Bickel, D.J. (in press) Family Dolichopodidae. In Brown, B.V., Borkent, A., Wood, D.M. and Zumbado, M. (eds.), Manual of Central American Diptera.

Chvála, M. 1983. The Empidoidea (Diptera) of Fennoscandia and Denmark. II. General Part. The families Hybotidae, Atelestidae and Microphoridae. Fauna Entomologica Scandinavica 12:1–279.

Cumming, J.M. and Sinclair, B.J. (in press) Family Empididae. In Brown, B.V., Borkent, A., Wood, D.M. and Zumbado, M. (eds.), Manual of Central American Diptera.
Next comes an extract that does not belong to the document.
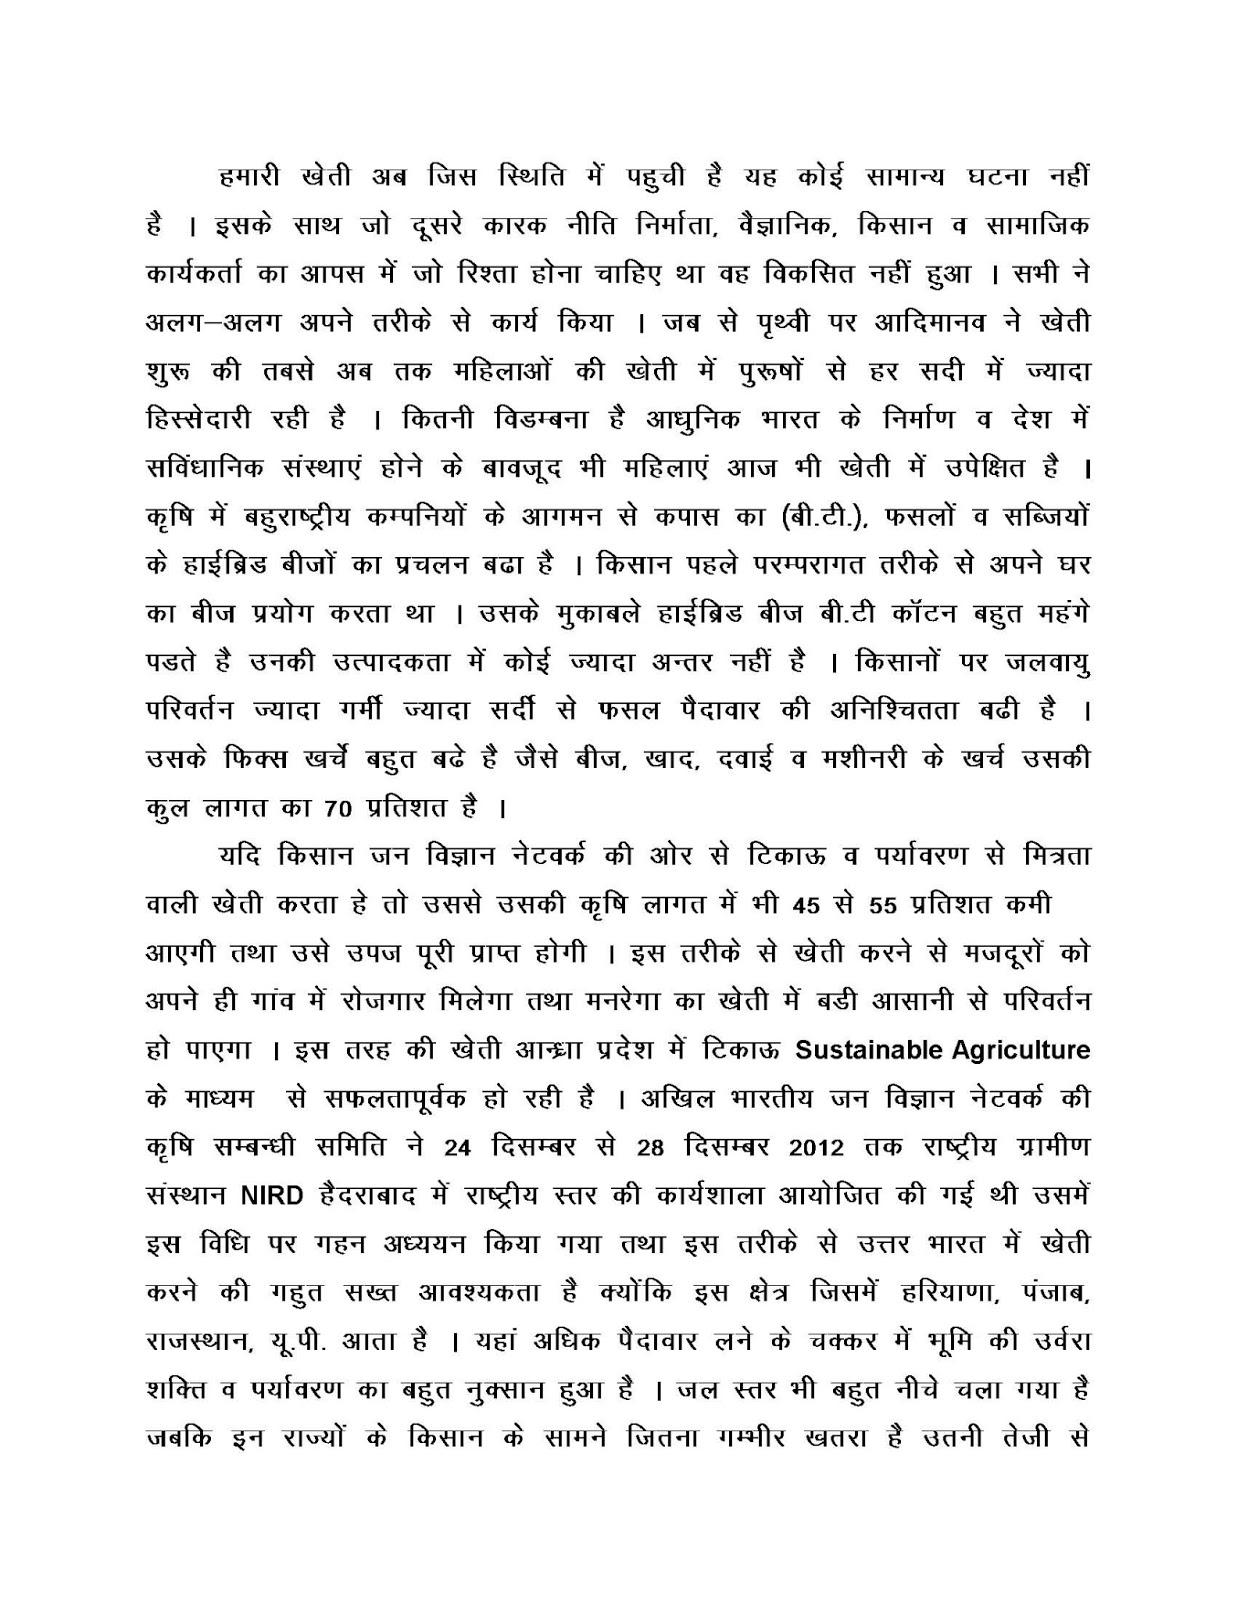 003 Essay Example Democracy Hindi20work20dr 20rajinder20singh Page 3 Shocking In Urdu Pdf Pakistan English 200 Words Full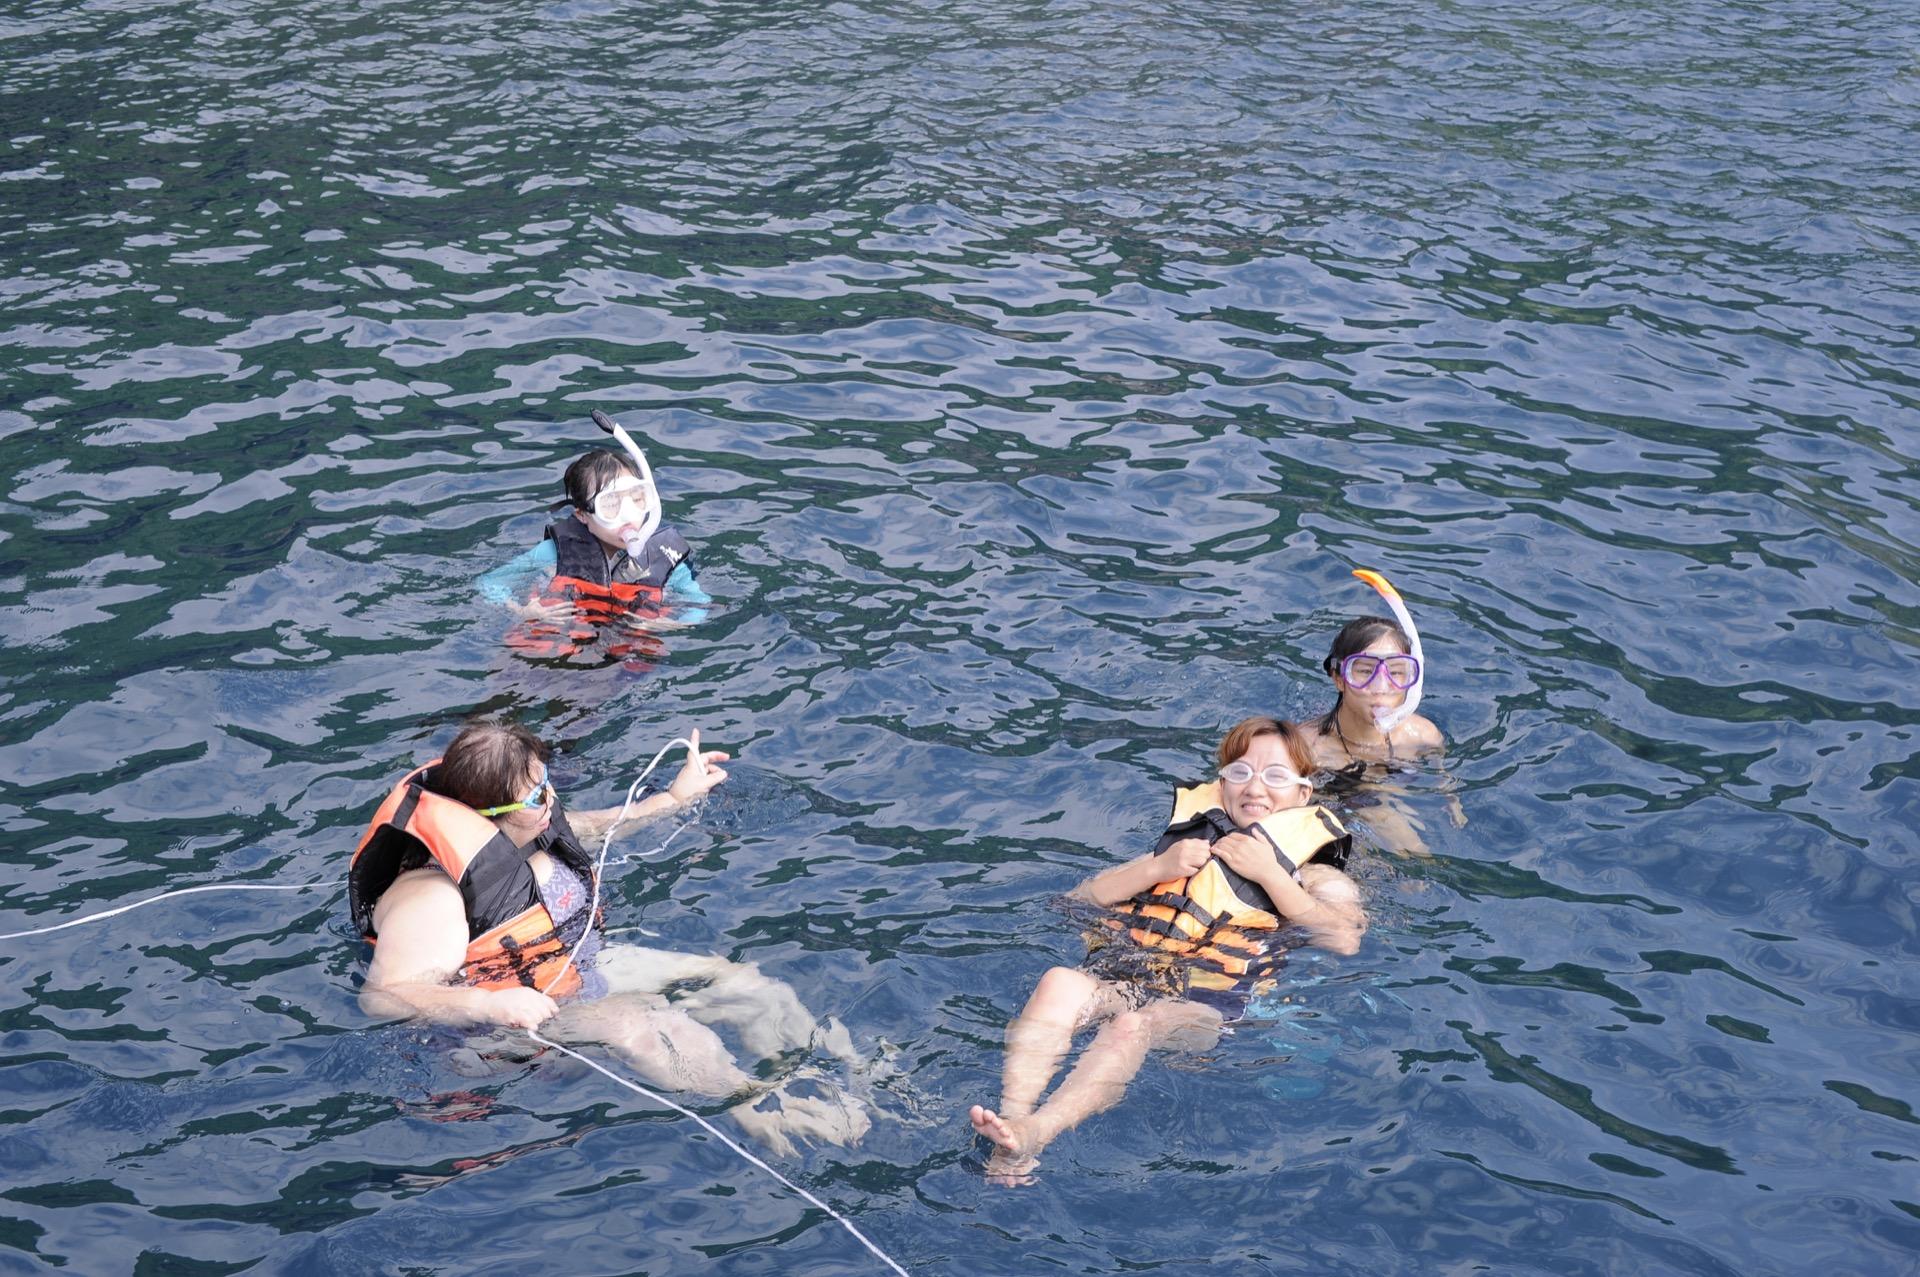 德築-DEZU-project-Fun3sport-snorkeling-ocean-4

Cumming, J.M., Sinclair B.J. and Wood, D.M. 1995. Homology and phylogenetic implications of male genitalia in Diptera – Eremoneura. Entomologica Scandinavica 26: 121–151.

Robinson, H. and Vockeroth, J.R. 1981. Chapter 48. Dolichopodidae. Pp. 625-639 in McAlpine, J.F., et al. (eds.), Manual of Nearctic Diptera. Volume 1. Agriculture Canada Monograph 27: vi + 1-674.

Sinclair, B.J. and Cumming, J.M. 2006. The morphology, higher-level phylogeny and classification of the Empidoidea. Zootaxa 1180:1-172. PDF document

Steyskal, G.C and Knutson, L.V. 1981. Chapter 47. Empididae. Pp. 607–624 in McAlpine, J.F., et al. (eds.), Manual of Nearctic Diptera. Volume 1. Agriculture Canada Monograph 27: vi + 1-674.